Review by Chris Lilly


The Kia e-Niro should be sprightly enough of most, thanks to a 150 kW (201 bhp) electric motor powering the front wheels. This allows for a 0-62mph time of 7.5 seconds, which is not hot-hatch quick, but it's not too far off. The numbers only tell part of the story though, as real-world performance can leave quite a different impression on drivers. In the case of the e-Niro, the Kia feels faster than the statistics suggest. Like most EVs, the torque available from the electric motor makes for a responsive throttle, and the e-Niro feels quick. It's sharpest in Sport mode, but even in Normal mode it's very responsive. Off the line, the e-Niro will pull hard, as you would expect from an EV, making for easy - and nippy - town driving. Thanks to a powerful electric motor though, the e-Niro picks up well at just about any speed, with the Kia keeping up with motorway traffic easily, before jumping forward to overtake when required. There's no sense of the e-Niro running out of puff at speed, which some rivals can be accused of - at least not within the confines of the South Korean highway regulations. Along A-roads, the e-Niro can easily put a smile on your face, thanks to that instant pick-up, plus the added benefit of variable brake energy recuperation giving an element of 'left-foot braking' to the experience.
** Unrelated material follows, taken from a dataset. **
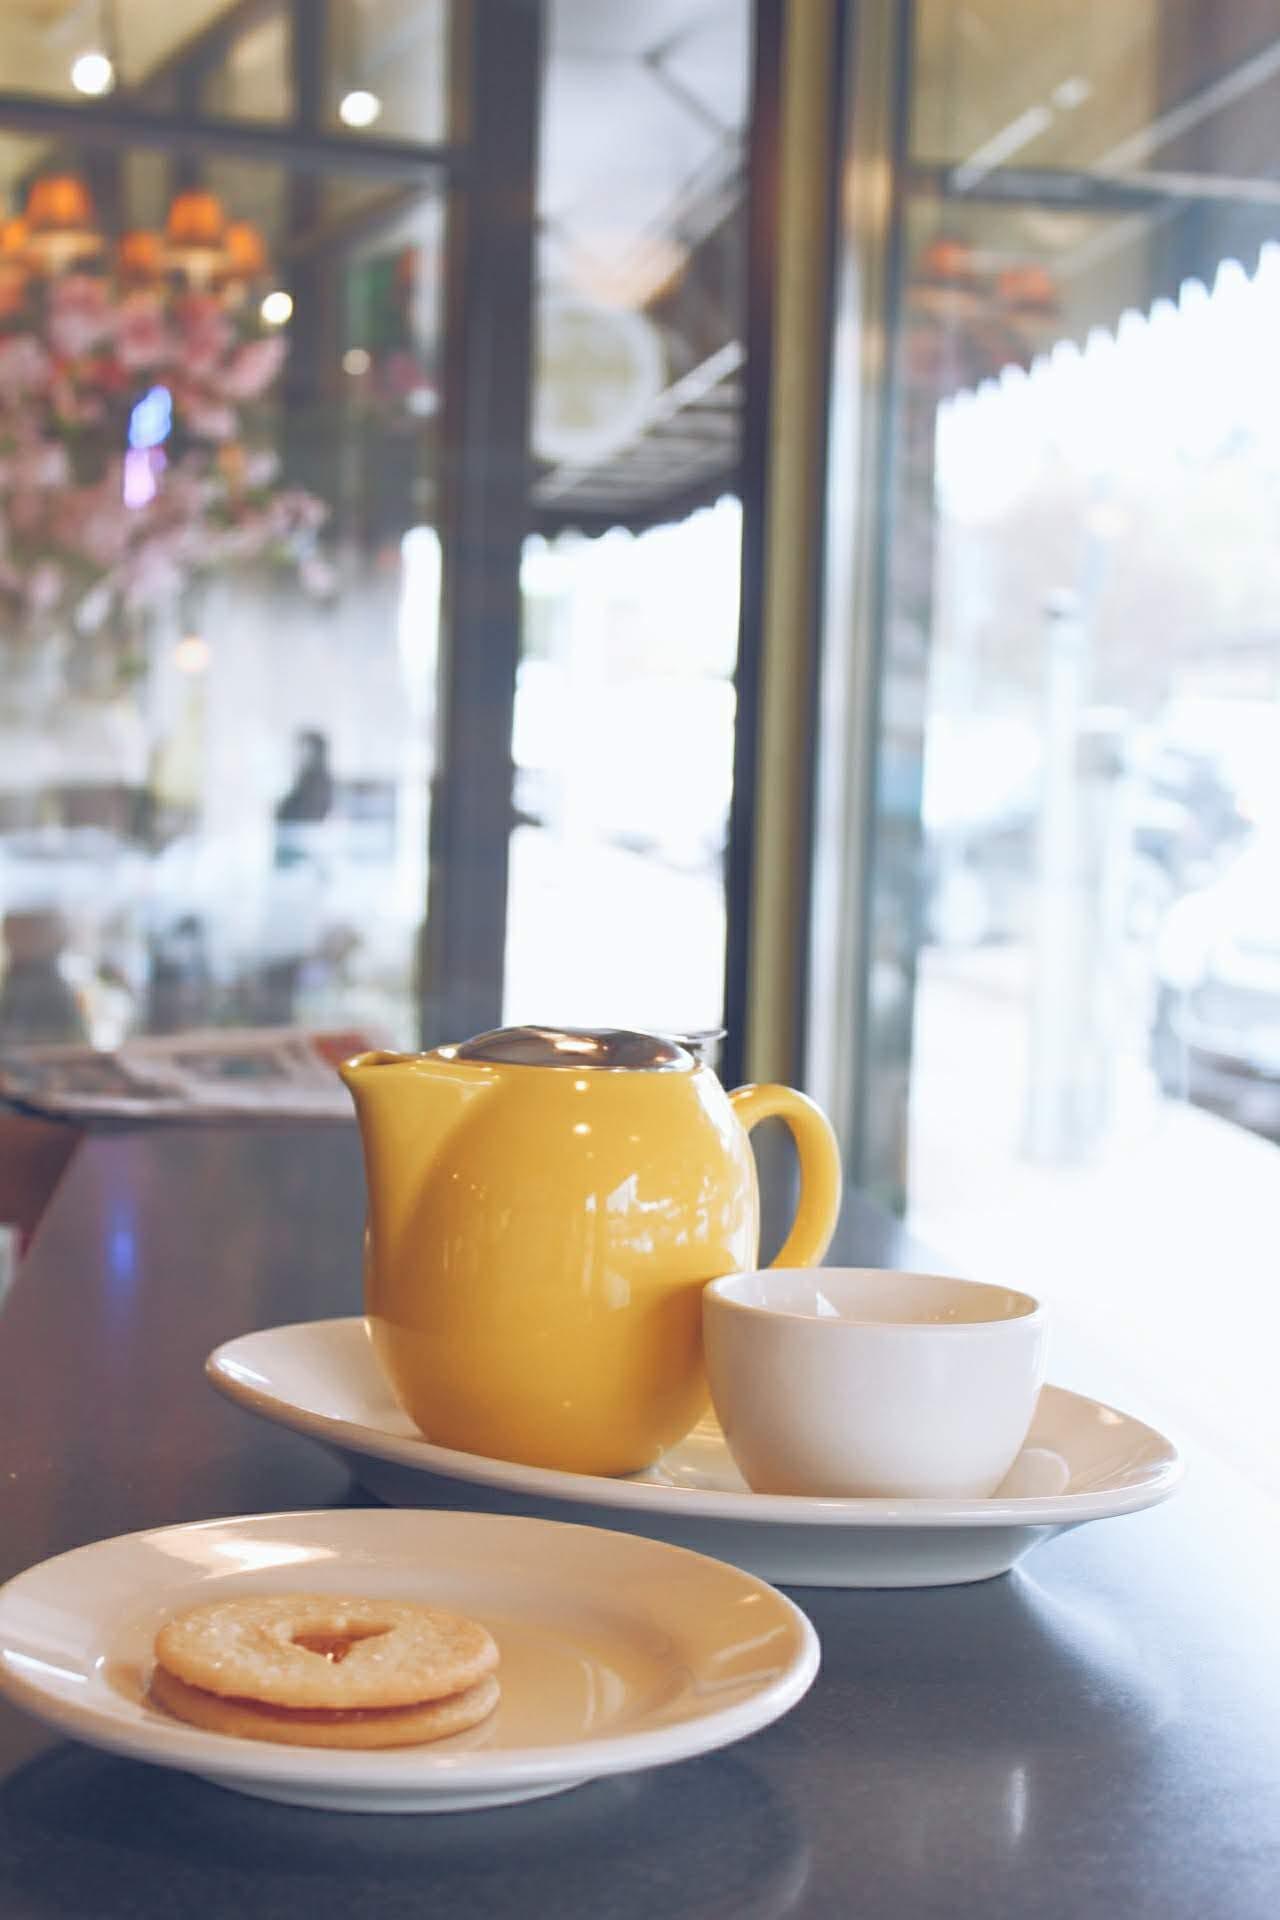 tea and cookie inside restaurant window
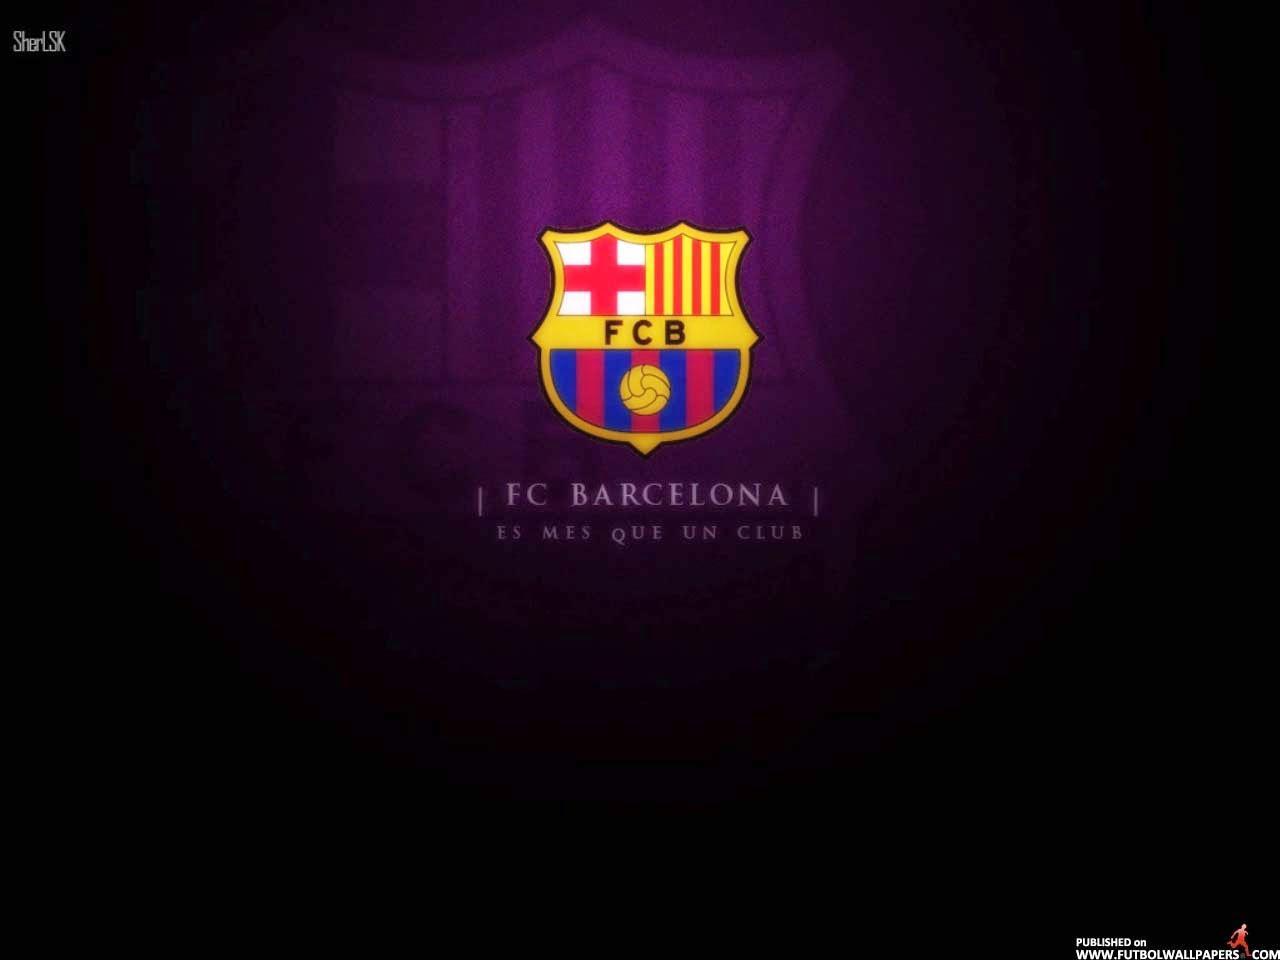 Mesut Ozil Wallpapers Hd Arsenal Download Barcelona Wallpapers Hd Wallpaper

If the performance is comparable with milder sports cars, the handling isn't. It's to be expected from a family crossover, but the suspension and steering aren't as sharp as the throttle response. There's significant potential for a performance model, but until that unlikely scenario materialises, the e-Niro only has one set-up - prudent. It's not exciting, but it is well set-up for use as a practical family car. The suspension is pretty stiff to keep body roll under control, but that means there aren't the supple springs that may have been preferred by some buyers. The e-Niro isn't uncomfortable though, and it does a good job of remaining composed even over rougher surfaces. The stiffer springs are therefore to help minimise body roll, combating the added weight of the batteries. These have been placed in the Kia's floor, so the centre of gravity is low, minimising the effect of the extra mass. This actually helps with the Kia's handling, and when combined with well weighted and precise steering, means the e-Niro can be piloted easily through a series of bends when the situation presents itself. In more common circumstances, it means the Kia can be threaded in and out of tight traffic confidently, a situation tested in Seoul's exceptionally busy rush hour. If it can cope there, it can deal with city traffic anywhere in the UK.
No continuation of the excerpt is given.